Extracted data >>
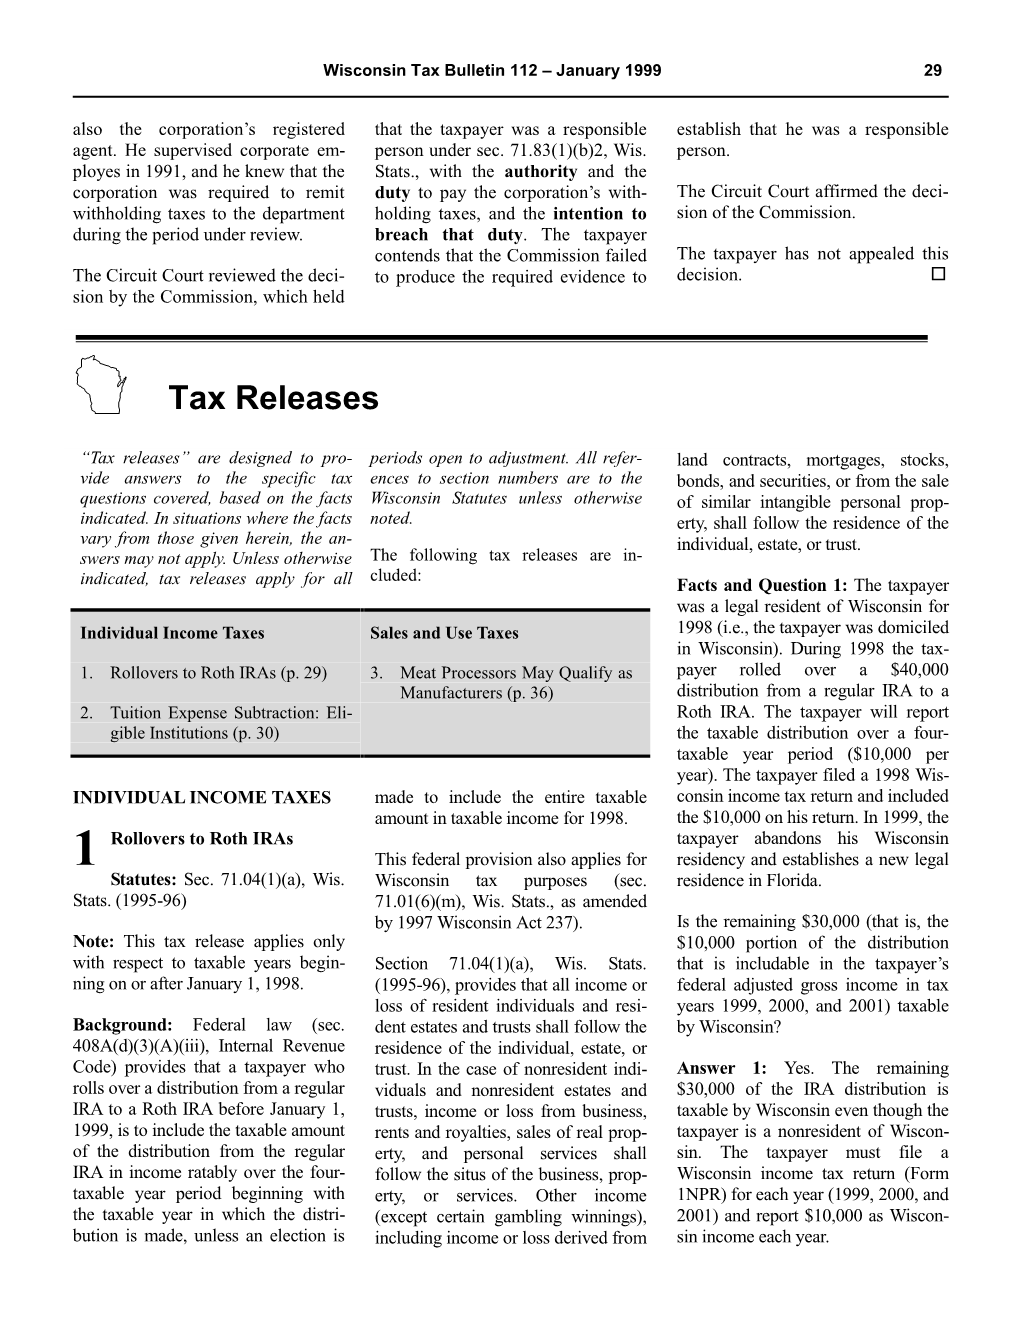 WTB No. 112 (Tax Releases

---

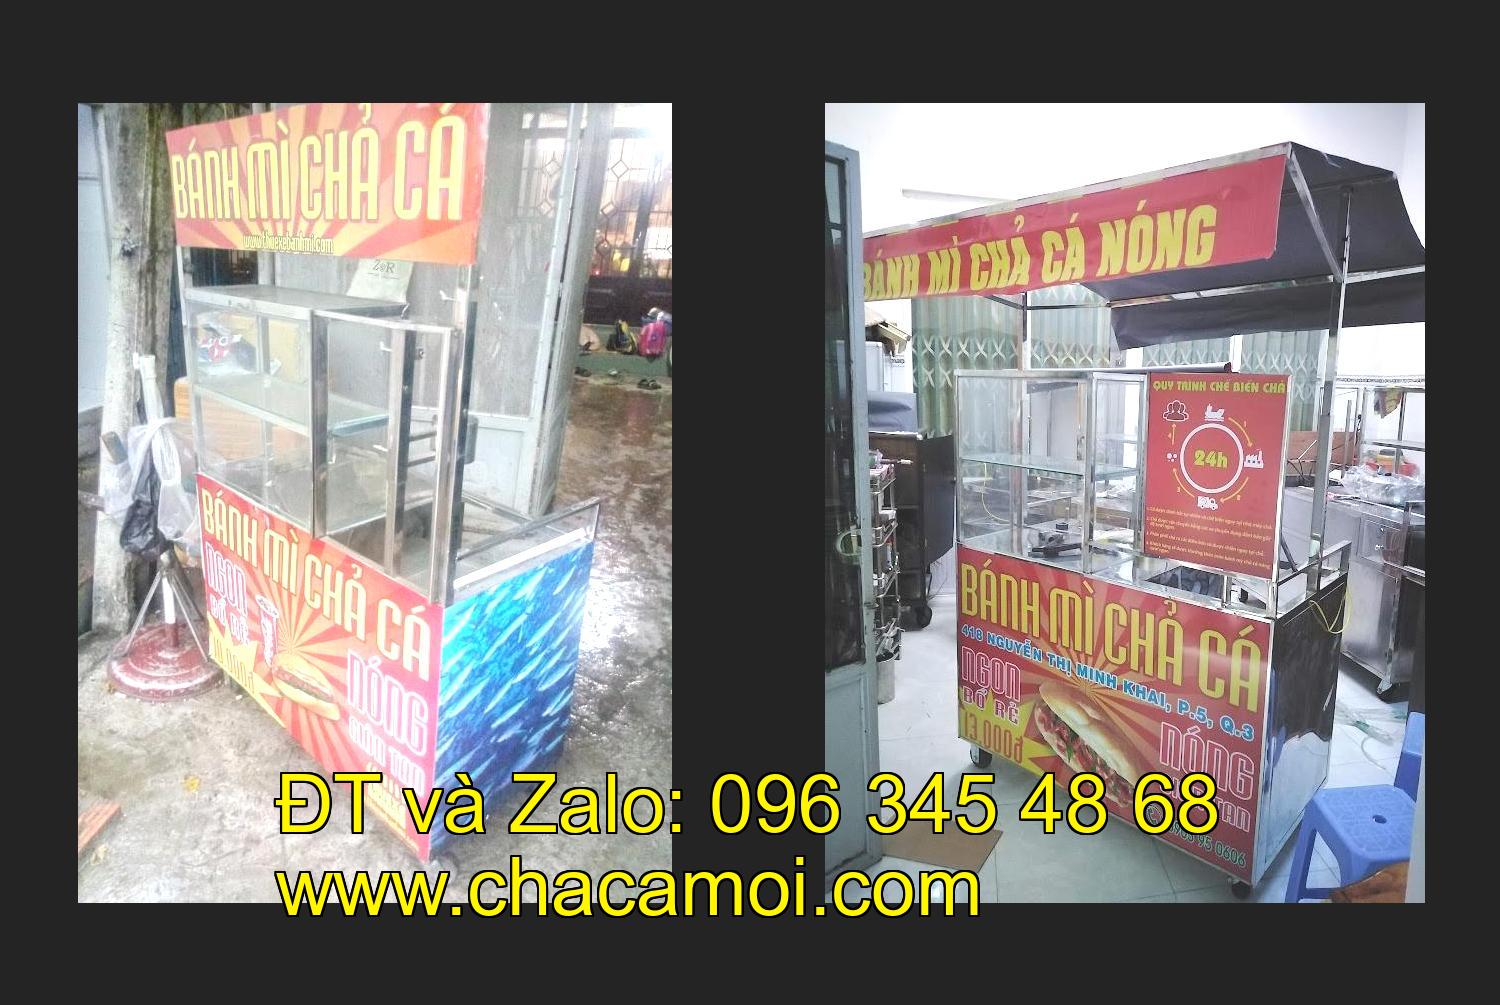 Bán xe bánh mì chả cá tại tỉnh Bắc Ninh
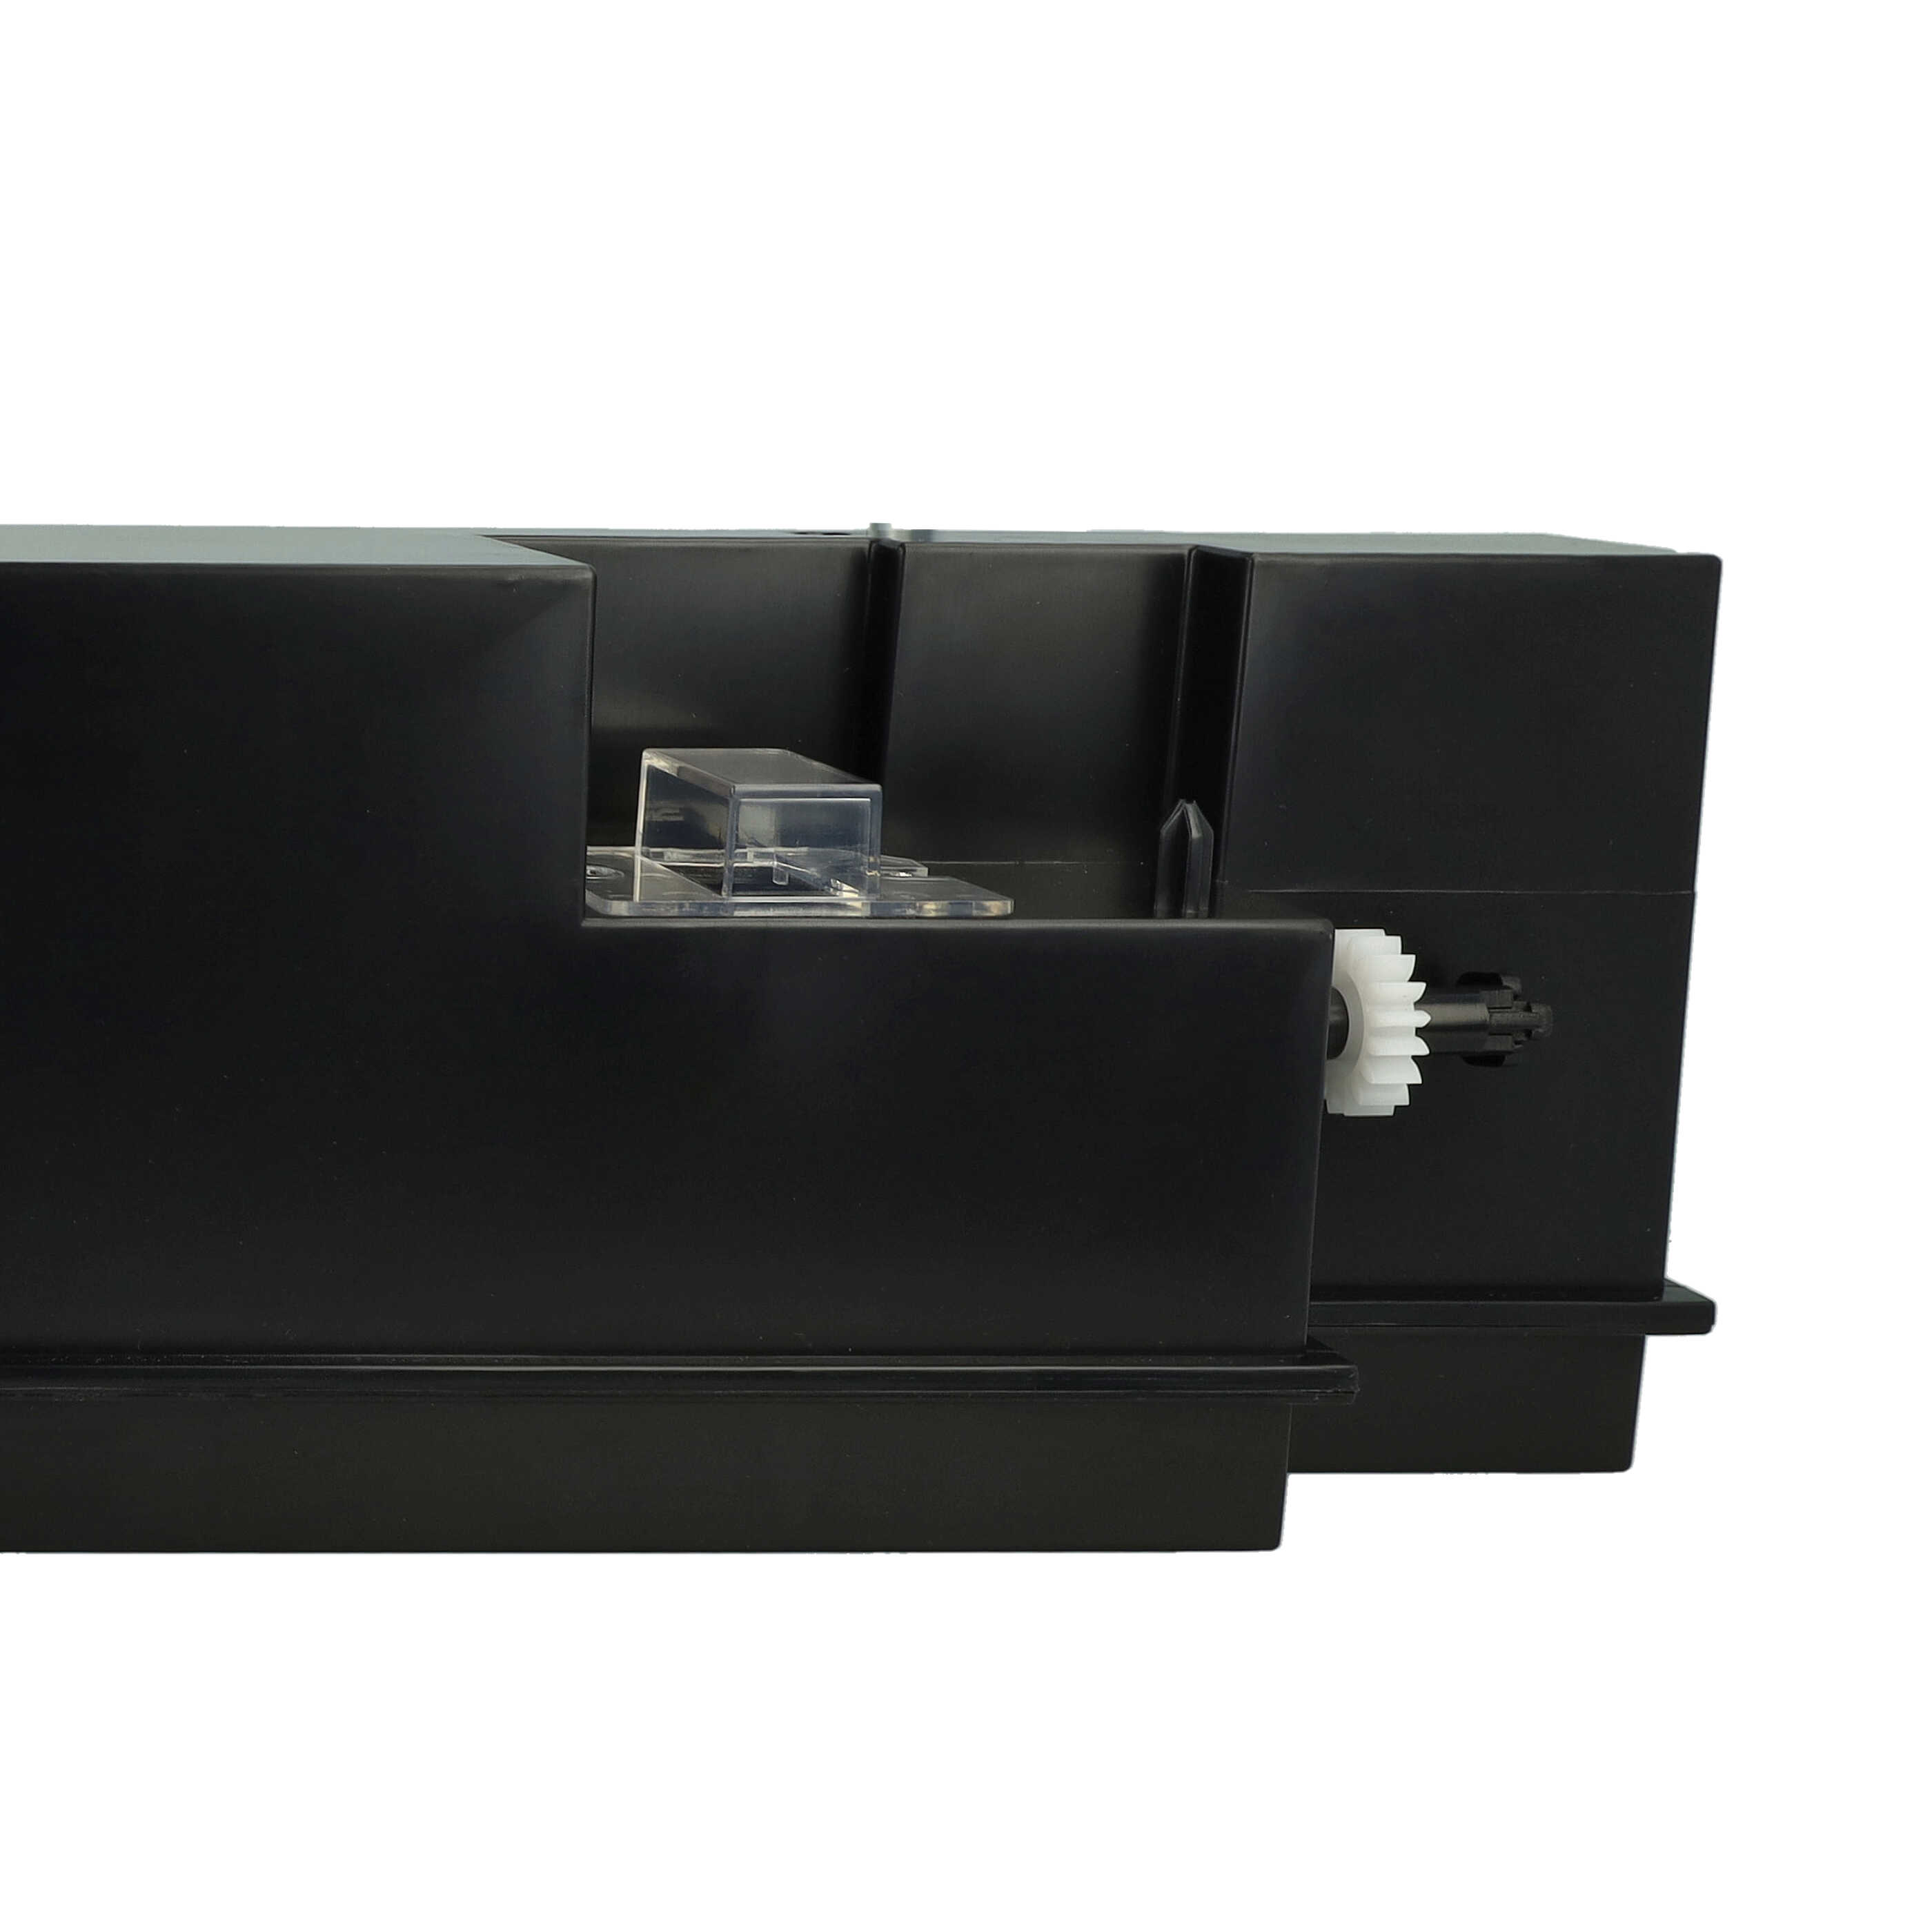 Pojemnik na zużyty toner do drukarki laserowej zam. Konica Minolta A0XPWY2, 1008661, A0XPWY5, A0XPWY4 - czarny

What is being asked >>
Please output the lines above beginning at the line with "Bán xe bánh mì chả cá tại tỉnh Bắc Ninh" and ending after the line with "Pojemnik na zużyty", precisely as written and with no pictures.

Response to this exercise >>
 Bán xe bánh mì chả cá tại tỉnh Bắc Ninh
 Pojemnik na zużyty toner do drukarki laserowej zam. Konica Minolta A0XPWY2, 1008661, A0XPWY5, A0XPWY4 - czarny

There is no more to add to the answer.